Sunday, September 7, 2014

Exotic/Disgusting Foods and Beverages Forum--Pythons

       Obviously, to get topics for these types of blog posts, I typically deliberately seek them out, combing through the ethnic food aisles in groceries, looking up restaurants that serve exotic foods online, etc.  But sometimes, sheer luck helps me out.  While looking for public tennis courts in Albany, NY recently (futilely on that day, as it turned out), I happened to see, out of the corner of my eye, a restaurant called “Dave’s Exotic Burgers.”  A few were listed on the sign outside—kangaroo, bison, wild boar, and others.
     Well, it should surprise no one that I looked up the place online, and sure enough, it was genuine, and open for business.  The next day I convinced some coworkers to join me, and we checked it out.  I was impressed to see an extremely rare kind of meat on the menu—the python, those large, constricting snakes.  Needless to say, that’s what I ordered.
     Python refers to a snake type, of which there are twelve species, and several subspecies.  The owner didn’t know the exact kind of python I’d eaten, but he did know it came from Vietnam.  Looking it up, assuming he was correct, and that it came from a python indigenous to that country, that narrowed it down to two candidates—the Burmese python or the reticulated python.
     The Burmese python has been in the U.S. news of late, because of events in the state of Florida.  Due to either escapes from zoos or warehouses, careless and jerky owners letting too-big pet pythons go in the wild, and/or the damaging of a python breeding facility by Hurricane Andrew, enough Burmese pythons have made South Florida their home, so many so that they’ve been declared an invasive species.  Over 1300 have been caught so far.  Scientists seem divided on how big a problem this is.  Some contend that the pythons may spread to other hot weather neighboring states, and may seriously disrupt the local animal populations.  Others claim that these Florida pythons will likely die out during the next semi-cold Florida winter, and that feral pigs are a much bigger issue to Florida ecology.  Whatever the case, it still must be pretty alarming to come upon a 12-19 foot snake while hiking through the Everglades.  Especially because juveniles are talented climbers, and all ages swim well.

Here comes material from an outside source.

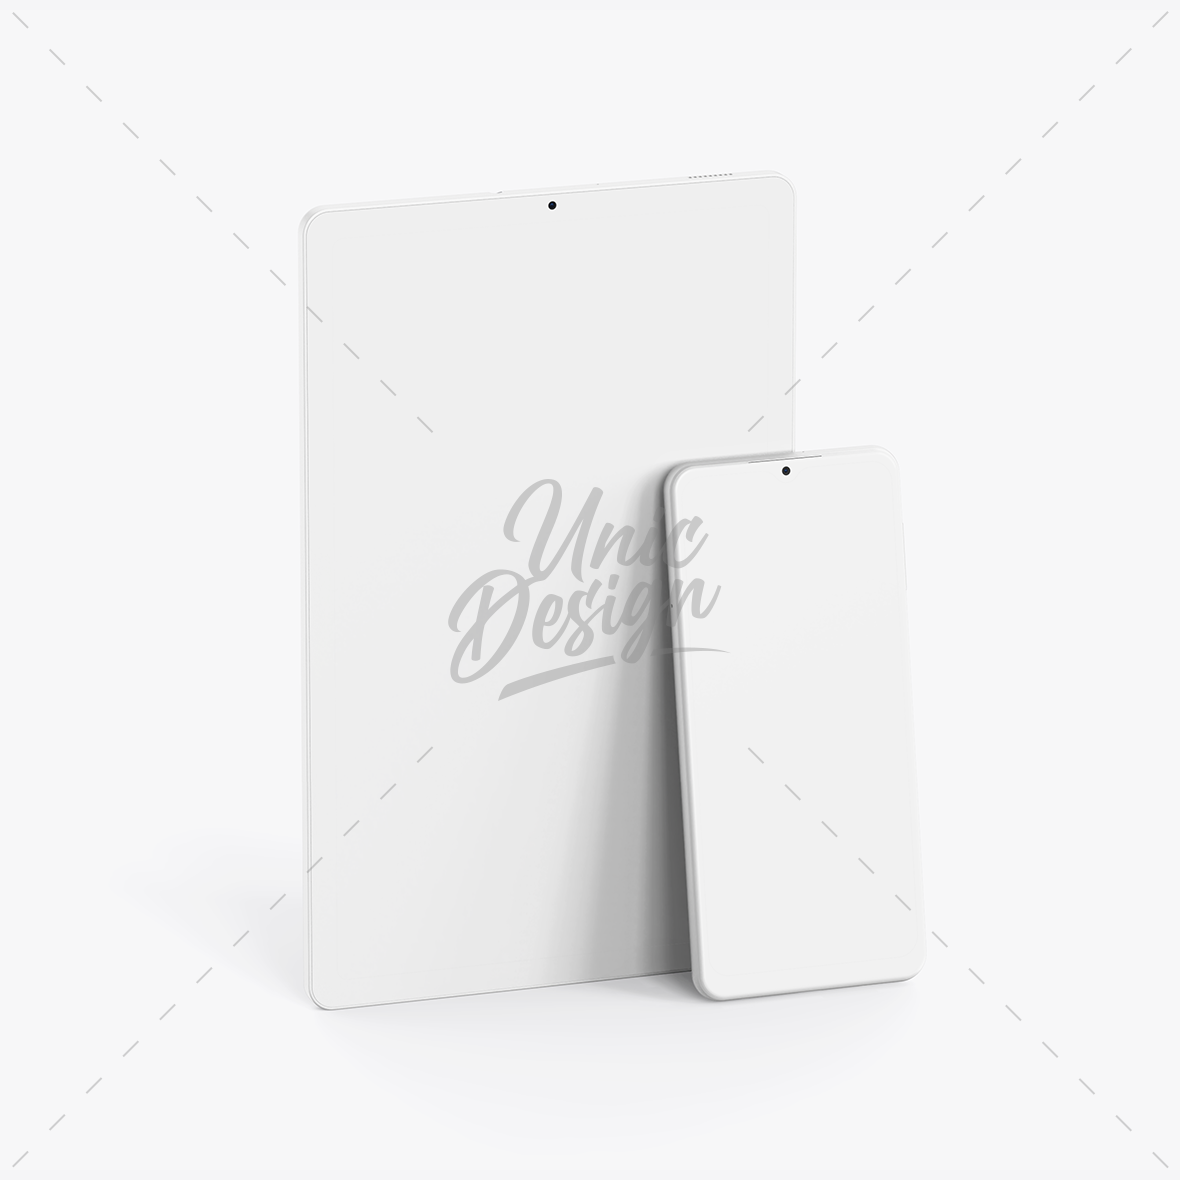 A32 Phone & S6 Tablet Mockup

     The reticulated python is credited as the world’s longest snake.  Not the largest though—the green anaconda tends to be heavier.  The heaviest reliably weighed anaconda was 215 pounds, while the heaviest reticulated python was 165 pounds.  Although, I was sad, in a way, to see that the reticulated python’s lengths have been exaggerated.  The old champ, an individual named “Colossus,” was always billed as being 29 feet long.  However, scientists went back and measured his skeleton, and it turns out he was “only” 22.8 feet long.  Evidently measuring huge snakes while they’re still alive is difficult, as they don’t like being extended completely out, and judging body length on the dead snakes’ skins is problematic because they can be accidently (or intentionally) stretched by as much as 50%.  In fact, if you happen to have a living 30 foot plus snake, presenting it to the Wildlife Conservation Society in the U.S.A. will net you $50,000.  No one has come even close to getting this reward.  Like its Burmese relative, the reticulated python is a skilled swimmer, and can even cross the ocean and colonize islands.
     Also, to debunk another myth, even the largest snakes can’t actually consume an adult human being.  Snakes can temporarily dislocate their jaws and open them absurdly wide, but even so an adult’s shoulder width is too much.  A giant snake could conceivably eat a preteen or child, but I couldn’t find any authenticated examples of this.  Not to say they’re not dangerous—large constrictors have killed people.  (And even comparatively small ones occasionally kill careless pet owners.)  So suffice to say, I wouldn’t let a 20 foot snake babysit your toddler, but tales about folks winding up in a snake’s stomach are almost certainly fictional.
     But back to Dave’s.  While it was billed as being a burger, it didn’t really resemble a typical one.  Instead of the traditional, firm, disc-like shape, it was instead small, maybe one inch by a half inch separate chunks of meat, along with lettuce, tomatoes, and sauce, on the bun halves.  As usual, I made sure to try the actual python flesh alone, and unadorned, to get the more accurate assessment of the meat.  The texture was fairly chewy, but not overly so.  The taste was decent.  Not spectacular, but not unpleasant or bad, either.  In short, it was a positive dining experience, and I would both recommend it, and would try it again.  Perhaps not very often at this particular establishment, as the price was very steep--$25 for the base hamburger, and about $5 more for the special spices and sauce.  The owner did show me the raw python meat, too.  It looked rather unappetizing—a sort of sickly, pale whitish color.  But, as I said, in this case the looks were deceiving.
     Dave’s had many more exotics aside from the python, and the ones I already mentioned.  So I’ll be posting further selections from it in the future.